Так я играю, иногда, впрочем, глядя на себя со стороны по-матерински горько и нежно. Ты ли это, усатый, бородатый мальчик мой? Ты ли это с лиловыми мешочками под усталыми, разумно-циничными глазками с нездоровым, упитанным личиком, с сильно потяжелевшим, бесформенным тельцем и нервно вздрагивающими пальчиками? Ты ли, моё единственное сокровище, так далеко ушедшее и от меня, и от себя, чисто умытого, с тонкой кожицей, под которой прощупывалось свеженькое детское мясцо и сальце?

Раздаётся протяжный гудок, почти рёв, бьющий по ушам, только что слышавшим совсем иные, райские звуки. Мимо плывёт судно «Медведь». Какой-то человек, перегнувшись через поручни, что-то кричит мне. Я не слышу или не понимаю, что он кричит.

Я совсем промок и начинаю чхать много раз подряд, морща лоб и закатывая глаза.
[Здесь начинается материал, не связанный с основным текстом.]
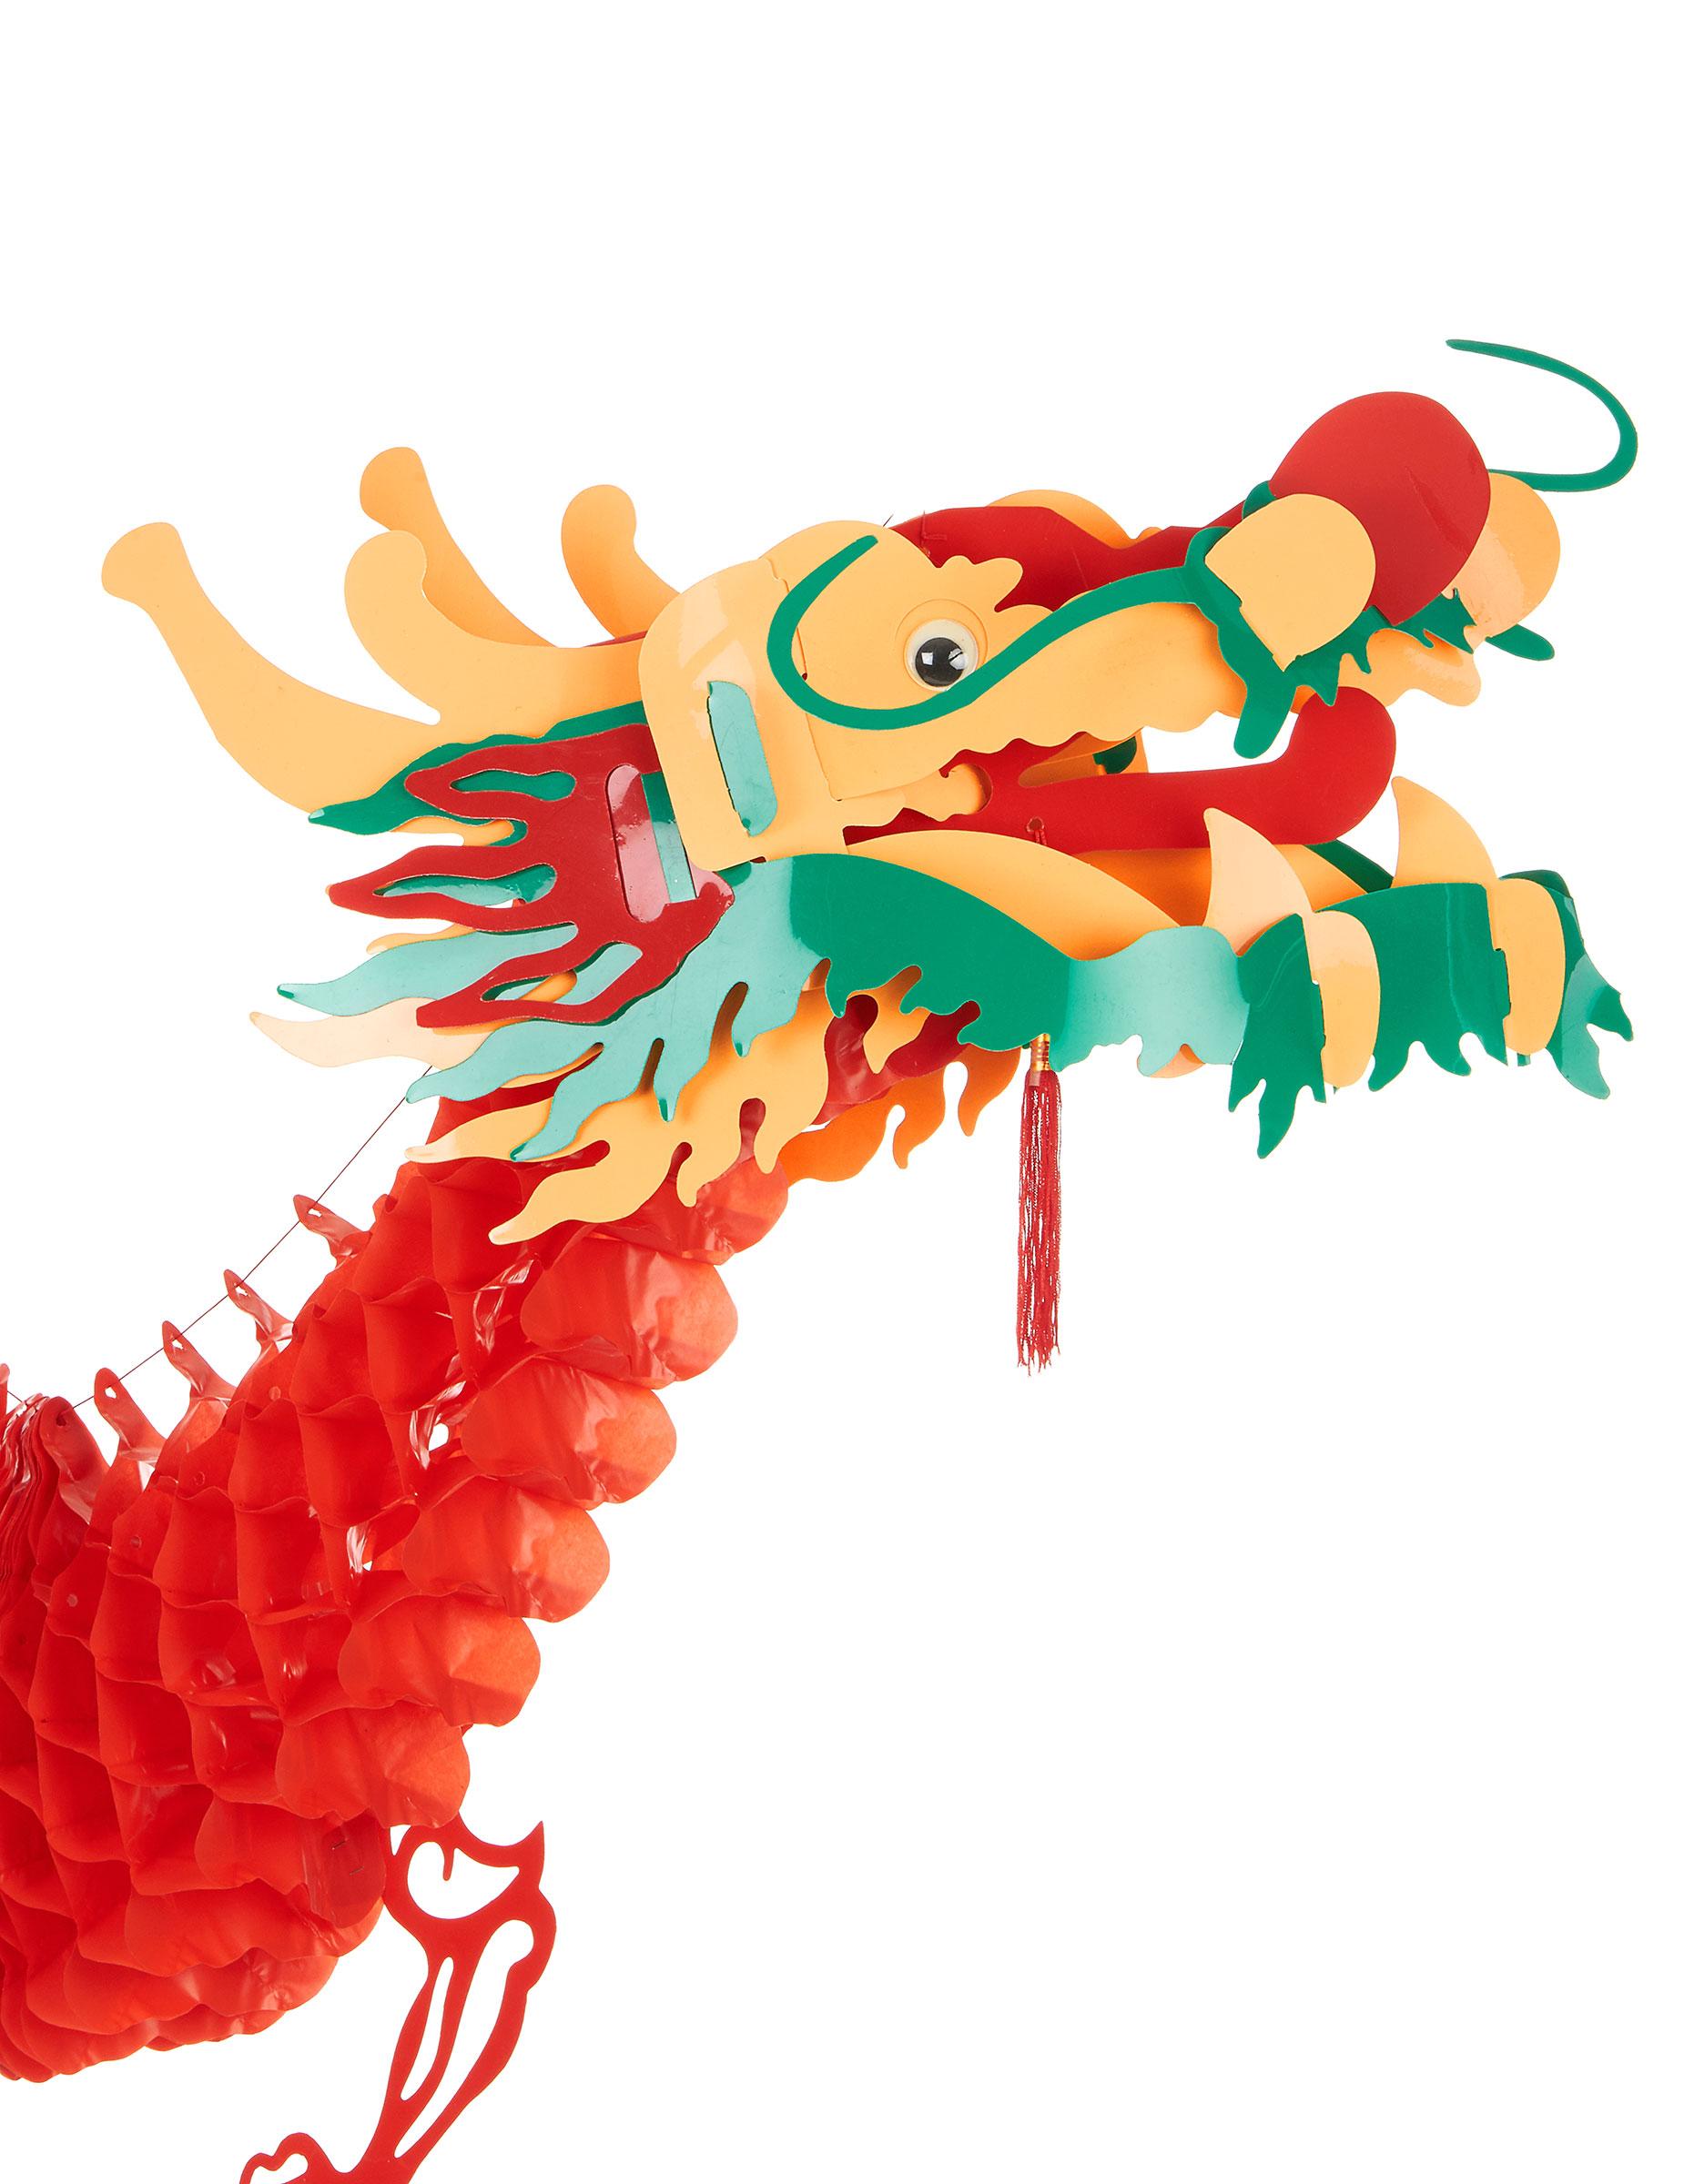 D coration dragon rouge 2 5 m nouvel an chinois deguise for Decoration nouvel an chinois
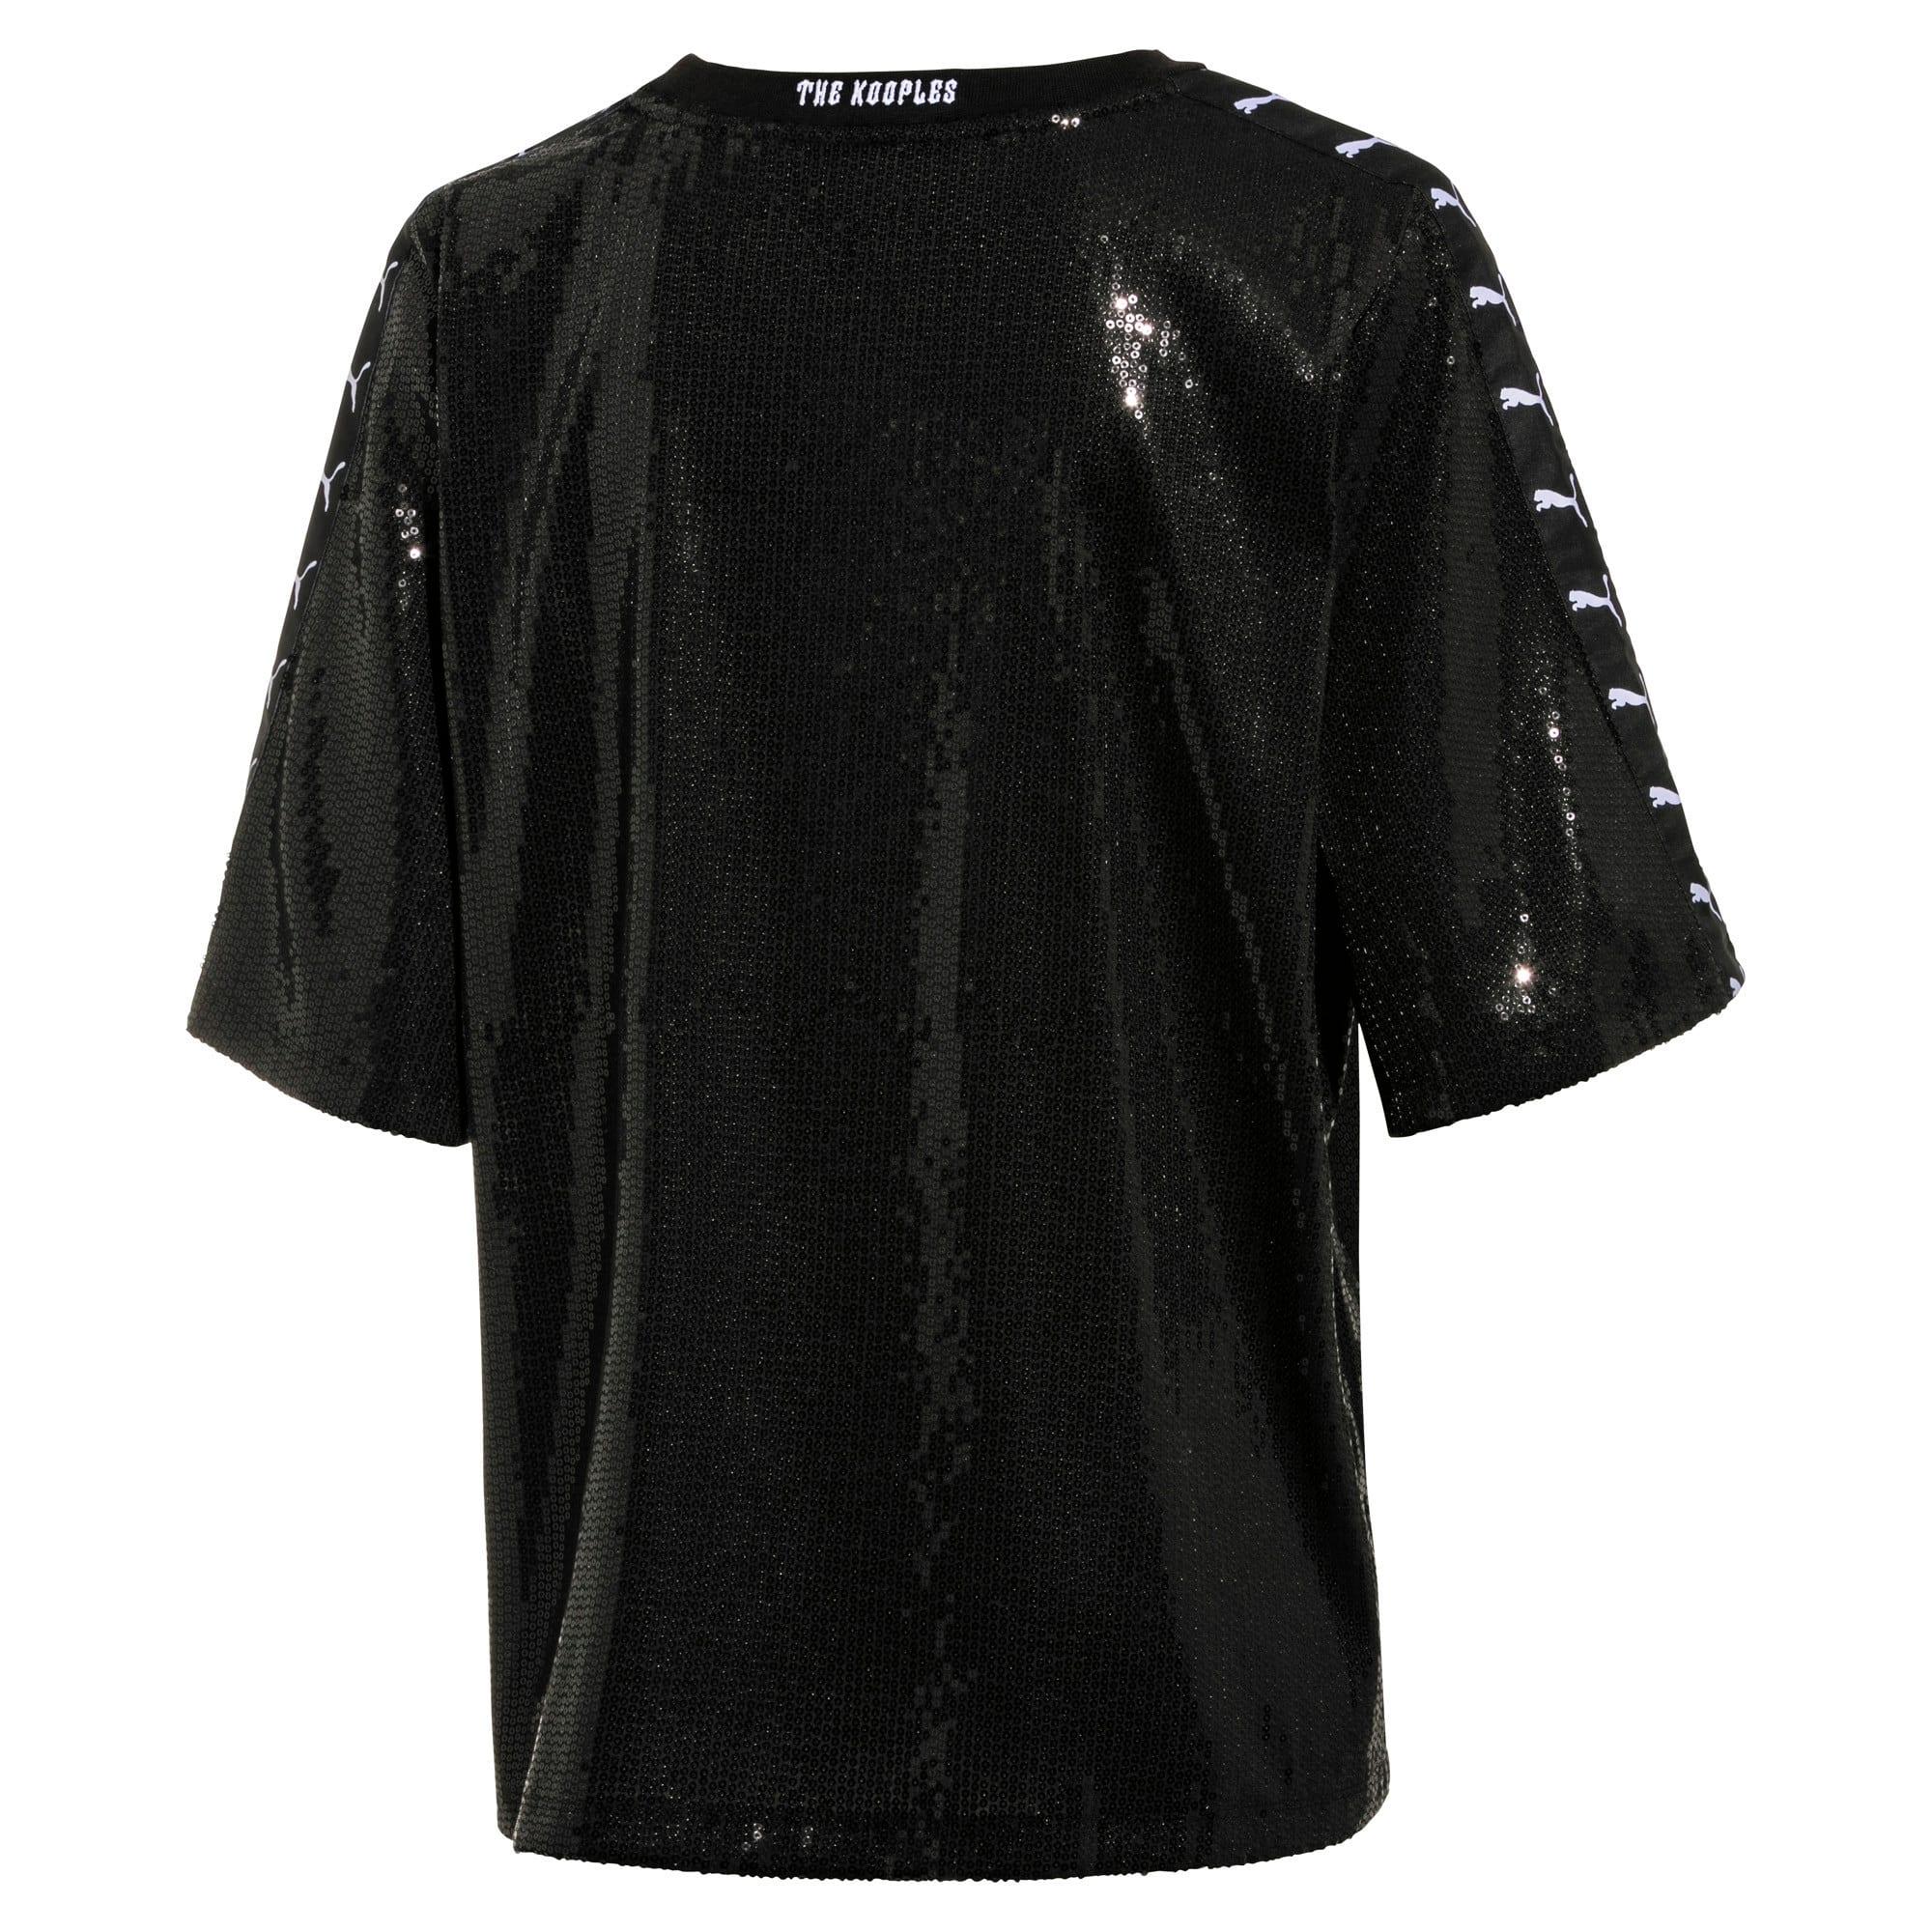 Miniatura 2 de Camiseta con lentejuelas PUMA x THE KOOPLES para mujer, Puma Black, mediano

Кто-то из темноты весело говорит:

– Если с вечера чхать начали, то к утру нос оторвётся.

Это Бычков.

– К Житному подходим, – говорит Бычков, потеснив меня у кормы, что-то поправляя, гремя цепью, – у Житного и заночуем.

– На якорь станем? – спрашиваю я, чтоб войти в общий ритм экипажа хотя бы вопросом своим.

– Зачем на якорь? Просто к дереву канатом привяжемся.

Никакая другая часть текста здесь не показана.